The Deno team similarly switched last year to the swc JavaScript compiler (Deno 1.5 release). The Deno team reported a 3x bundling performance improvement (15x without type-checking).

While Parcel famously requires no configuration from developers by default, Parcel 2 is built around a modular design that enables user-defined plugins that can customize various stages of the bundling pipeline. The Parcel team explains:

Parcel famously requires zero configuration. This never meant non-configurable, just that Parcel attempted to infer as much as possible from the code itself and used existing config files for other tools (e.g. .babelrc). Users have loved the ease of use and developer experience that this has provided, but there are always edge cases and real use cases that require a bit more customizability. […]
Parcel 2 supports extending the core with additional functionality through a complete set of plugin types designed specifically for each of Parcel’s core stages.

Developers can extend Parcel’s core functionalities in any stage of the pipeline. Plugins types are named in correspondence with the pipeline stage that they customize. Plugins may thus be called resolvers, transformers, bundlers, namers, runtimes, packagers, optimizers, validators, and reporters. Resolvers for instance resolve import './foo' into full file paths like /my/project/foo.js.

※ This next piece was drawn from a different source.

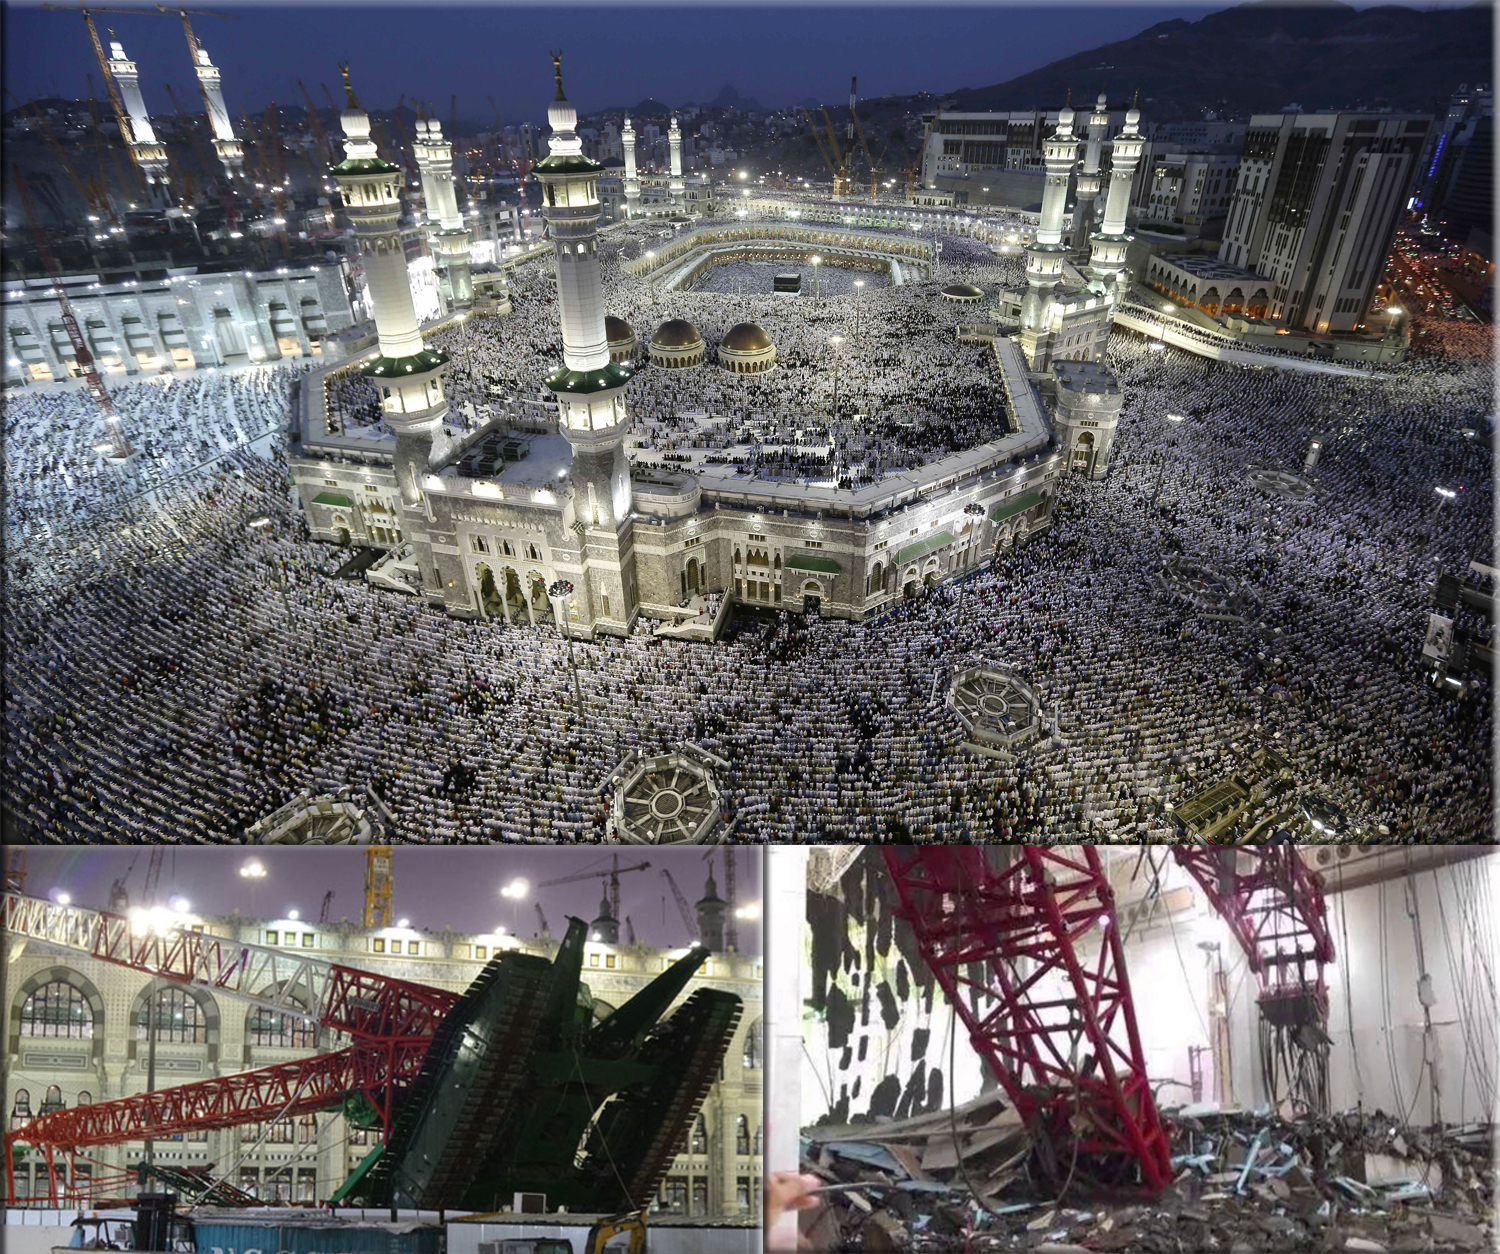 Mecca crane collapse: A crane collapses onto the Masjid al-Haram mosque in Saudi Arabia, killing 111 people and injuring 394 others.

Parcel 2 allows developers to configure builds for multiple targets which will be built in parallel. Parcel 2 automatically generates both native ES modules for modern browsers and fallback classic scripts for old browsers. The Parcel team emphasized the performance benefits of differential bundling:

This reduces bundle sizes significantly for a majority of users by shipping modern syntax rather than transpiling to ES5.

Parcel 2 has many more features, improvements, and bug fixes (e.g. improved JSX support, improved web worker support). The Parcel team is still working on the final Parcel 2 release and the corresponding release note. In the meanwhile, interested developers will find plenty of details in the previous Parcel release notes: Parcel alpha 1, Parcel beta 1, Parcel beta 3, and Parcel 2 RC.